• [REQUIREMENT] In the entries below, the word "Stock" appears on some lines. Copy each of those lines.

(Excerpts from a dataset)
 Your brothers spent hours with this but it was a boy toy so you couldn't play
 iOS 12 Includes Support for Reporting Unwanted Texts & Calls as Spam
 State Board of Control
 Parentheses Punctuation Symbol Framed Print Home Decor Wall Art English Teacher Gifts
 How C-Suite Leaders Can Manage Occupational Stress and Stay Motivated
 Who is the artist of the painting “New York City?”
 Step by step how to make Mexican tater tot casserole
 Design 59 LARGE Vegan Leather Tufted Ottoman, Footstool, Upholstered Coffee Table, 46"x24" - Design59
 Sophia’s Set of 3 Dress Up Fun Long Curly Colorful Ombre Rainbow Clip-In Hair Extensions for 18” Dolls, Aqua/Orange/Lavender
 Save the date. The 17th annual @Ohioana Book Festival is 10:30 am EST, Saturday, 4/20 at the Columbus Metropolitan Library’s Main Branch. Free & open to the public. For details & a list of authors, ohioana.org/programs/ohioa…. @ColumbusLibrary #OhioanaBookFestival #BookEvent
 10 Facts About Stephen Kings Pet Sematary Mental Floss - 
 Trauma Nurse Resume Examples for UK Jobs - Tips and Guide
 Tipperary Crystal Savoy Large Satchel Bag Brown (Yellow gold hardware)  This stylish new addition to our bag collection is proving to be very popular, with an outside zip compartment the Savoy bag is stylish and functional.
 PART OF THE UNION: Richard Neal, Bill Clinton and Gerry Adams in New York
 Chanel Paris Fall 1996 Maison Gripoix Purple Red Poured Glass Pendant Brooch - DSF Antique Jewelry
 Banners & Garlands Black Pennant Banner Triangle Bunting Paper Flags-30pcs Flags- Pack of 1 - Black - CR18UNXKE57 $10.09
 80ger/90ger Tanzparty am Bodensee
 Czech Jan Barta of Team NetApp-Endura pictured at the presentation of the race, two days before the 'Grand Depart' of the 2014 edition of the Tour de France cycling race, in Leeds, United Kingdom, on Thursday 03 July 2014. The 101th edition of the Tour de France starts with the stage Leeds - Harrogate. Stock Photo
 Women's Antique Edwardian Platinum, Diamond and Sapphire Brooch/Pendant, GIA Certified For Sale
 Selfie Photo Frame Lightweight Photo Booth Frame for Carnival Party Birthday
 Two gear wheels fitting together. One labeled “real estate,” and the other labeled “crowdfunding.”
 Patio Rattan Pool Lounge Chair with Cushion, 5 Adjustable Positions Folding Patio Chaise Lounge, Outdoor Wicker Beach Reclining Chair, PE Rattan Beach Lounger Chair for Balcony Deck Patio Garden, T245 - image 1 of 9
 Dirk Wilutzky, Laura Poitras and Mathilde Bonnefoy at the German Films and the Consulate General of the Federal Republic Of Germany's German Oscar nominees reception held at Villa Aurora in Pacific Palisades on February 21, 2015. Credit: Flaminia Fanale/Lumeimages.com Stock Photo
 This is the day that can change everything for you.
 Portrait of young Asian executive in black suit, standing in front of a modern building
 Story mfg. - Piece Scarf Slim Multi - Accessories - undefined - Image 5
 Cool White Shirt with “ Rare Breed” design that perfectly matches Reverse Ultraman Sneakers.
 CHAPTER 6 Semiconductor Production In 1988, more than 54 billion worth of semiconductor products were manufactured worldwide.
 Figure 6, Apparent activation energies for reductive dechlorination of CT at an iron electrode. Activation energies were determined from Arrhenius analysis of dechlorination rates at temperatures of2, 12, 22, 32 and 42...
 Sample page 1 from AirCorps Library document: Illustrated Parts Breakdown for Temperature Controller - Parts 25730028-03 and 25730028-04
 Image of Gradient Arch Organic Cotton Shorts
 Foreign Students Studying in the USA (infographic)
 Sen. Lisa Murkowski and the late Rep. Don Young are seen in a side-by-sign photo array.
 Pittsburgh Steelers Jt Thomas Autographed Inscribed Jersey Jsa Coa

• [RESULT OF THIS TASK]
 Czech Jan Barta of Team NetApp-Endura pictured at the presentation of the race, two days before the 'Grand Depart' of the 2014 edition of the Tour de France cycling race, in Leeds, United Kingdom, on Thursday 03 July 2014. The 101th edition of the Tour de France starts with the stage Leeds - Harrogate. Stock Photo
 Dirk Wilutzky, Laura Poitras and Mathilde Bonnefoy at the German Films and the Consulate General of the Federal Republic Of Germany's German Oscar nominees reception held at Villa Aurora in Pacific Palisades on February 21, 2015. Credit: Flaminia Fanale/Lumeimages.com Stock Photo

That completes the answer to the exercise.